Scribus Indesign



One of the more well-known InDesign alternatives is Scribus. Scribus is a full-featured desktop-publishing application capable of rendering professional-quality publications. It supports most major bitmap formats, including those composed in Adobe Photoshop. It does have a fairly steep learning curve, although an official manual is provided. Meanwhile, Scribus facilitates file import from Adobe InDesign, MS Word, Open Office, Publisher, etc. Moreover, Scribus integrates with Windows Full Python Interpreter. With the several inputs and output file formats supported, Scribus will work with even more platforms.

If you are self-publishing, one of your tasks is to design the interior of your book. You can use your word processor, but that often leads to a shoddy job (see Book Interior Design: Tips to Avoid the Amateur Look). Scribus is an open-source desktop publishing program that you can use for your book interior design. In this post, I’m going to provide some Scribus files that you can use as templates to develop your book interior design. Instructions included.

Scribus indesign importieren

Scribus

You will, of course, need Scribus, which is available for a number of platforms. As a believer in open-source software, I’m using Linux (Ubuntu, to be exact). If you are new to Scribus, be warned: Scribus has a moderately steep learning curve. (Not as steep, however, as Adobe InDesign.) This is why you want to start with a template to work with as you learn the ins and outs of the program.

Indesign

The Templates

I’ve made three templates: one for the front matter of your book, one for the book chapters, and one which is the front matter and beginning of the soon-to-be-best-selling novel “Lollipop” by Volomire Nobakeoff. The templates are for a 9 in x 6 in page size book and are available in the Downloads section below. As examples, I made Lollipop.pdf from Lollipop.sla and Mody_Dick.pdf from the basic novel templates. I provide everything you need to make the files except the fonts.

The Fonts

The templates use only two fonts; download them here: EB Garamond and Sorts Mill Goudy. Instead of these fonts, you can use any fonts on your system. In order to use different fonts, you will have to edit the Scribus styles.

Work Flow

Scribus slows down with large files. I once tried to work with a 68,000 word novel and it was unusable. The best way to use Scribus is to make your front matter and individual chapters as single files then put them together later with a separate program. I used pdftk in Linux but there are programs for Windows and the Mac that will do the same thing. Below, I provide a file called How_to_Use_the_Templates.pdf which describes the making of Moby_Dick.pdf from the basic novel templates.
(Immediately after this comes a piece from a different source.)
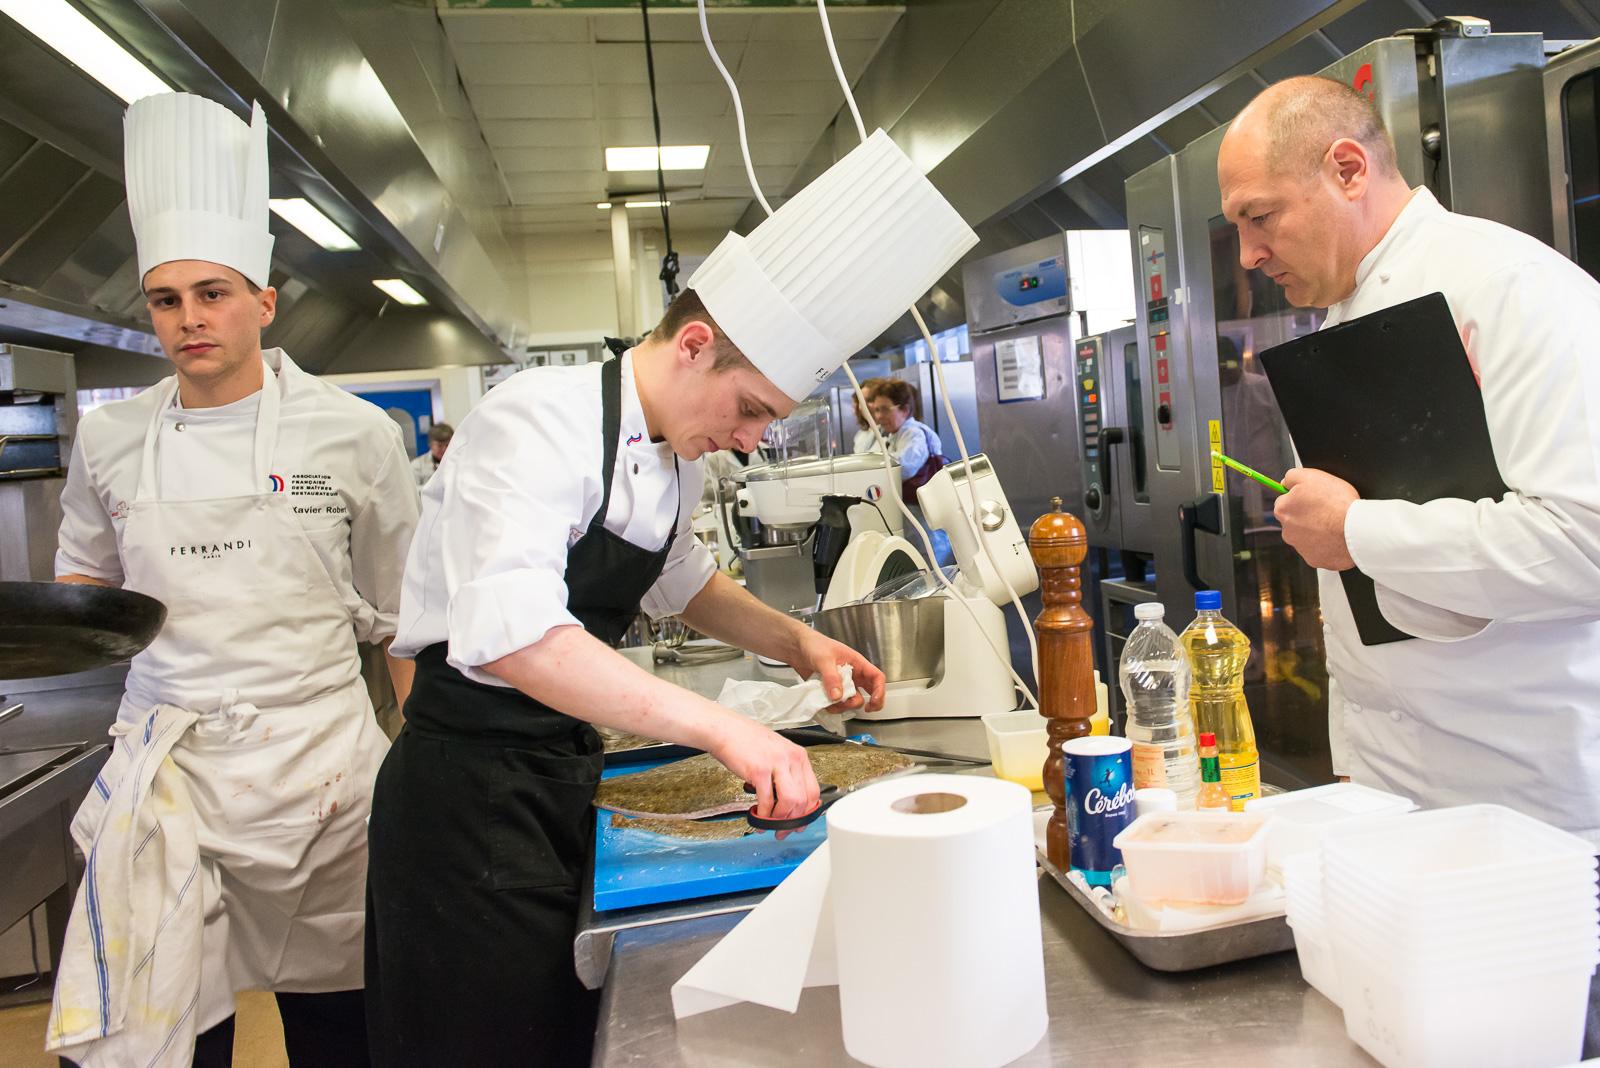 Ecole de cuisine ferrandi paris restaurant for Academie cuisine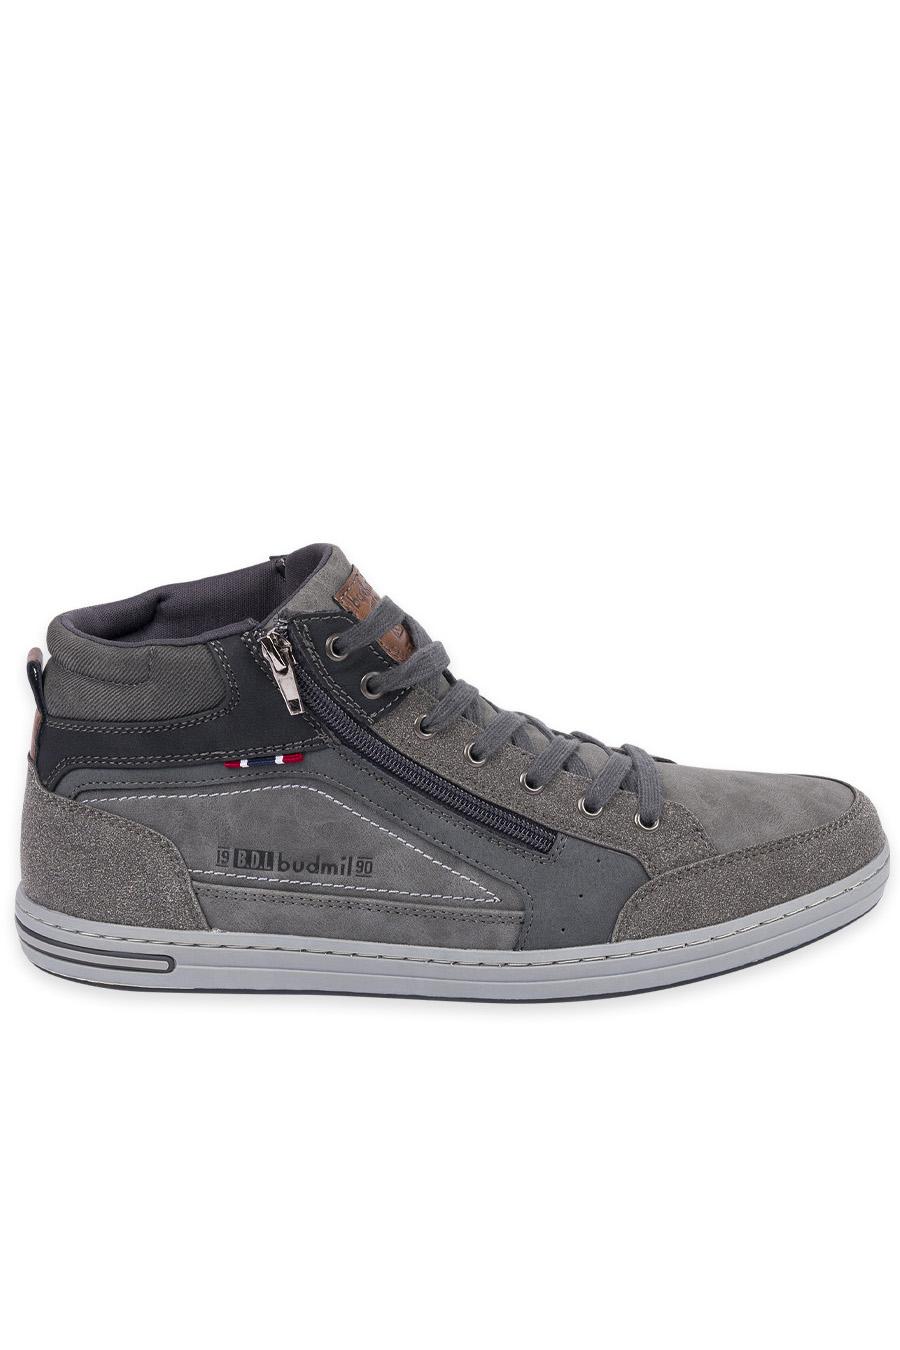 férfi utcai cipő szürke Kényelmes Férfi Cipők budmil férfi utcai cipő | budmil

An advantage to this method is it is easy to find a mistake that you know is in, for instance, chapter 3 and fix it. Another is that if you make a horrible mistake and completely mess up, you have only destroyed one chapter an not the whole book.

One of the drawbacks to this method is that changing anything in your book that affects the whole book, such as margins, fonts, location of headers, or page size requires you edit all the files. So carefully consider the look and feel of your book before you start final production. I make a bunch of separate front matter and chapter files and print them out to see how they look. When I’ve got the look I want, I start making the final book.

Scribus Indesign Import

Downloads

basic_novel.zip – (896 kB) – This zip file unzips to a folder containing everything below. (896.5 kB)

Lollipop.sla – (86.8 kB) – The Scribus file for the beginning of “Lollipop” by Volomire Nobakeoff.

Scribus Indesign Software

Lollipop.pdf – (238.4 kB) – The PDF file from Lollipop.sla.

basic_novel_front_matter_template.sla – (60.2 kB) – The Scribus file for the front matter of your book. This is a text file. It may open directly in your browser. Just “Save Page as” – it will have the extension .sla and it will work fine.

basic_novel_chapter_template.sla – (78.2 kB) – The Scribus file for the book chapters. Opens as a text file. “Save Page as”.

basic_novel_template_information.txt – (1.3 kB) – This file contains information about page size, margins, fonts, styles, and more. A big help if you are trying to learn Scribus.

How_To_Use_the_Templates.pdf – (43.4 kB) – The instructions for how to use the basic novel templates. Required reading. I use the example of making Moby_Dick.pdf from the basic novel templates and the Moby Dick text.

Moby_Dick.txt – (52.4 kB) – The text of the first three chapters of Moby Dick by Herman Melville.

Mody_Dick.pdf – (758.8 kB) – The PDF file resulting from the How_To_Use_the_Templates.pdf instructions.

Update

This posted was updated on 5/23/16. The first paragraph of chapter 1 in “Lollipop” and the first paragraph in chapter 3 of “Moby Dick” were formatted as “paragraph indent”. This is, of course, wrong: the first paragraph of the chapter should be “paragraph no indent”. This has been corrected in all files.

A third font, Alegreya, slipped into the templates as the page number font. This has been changed to EB Garamond. Also one of the page numbers was formatted as italic. This has been changed to normal.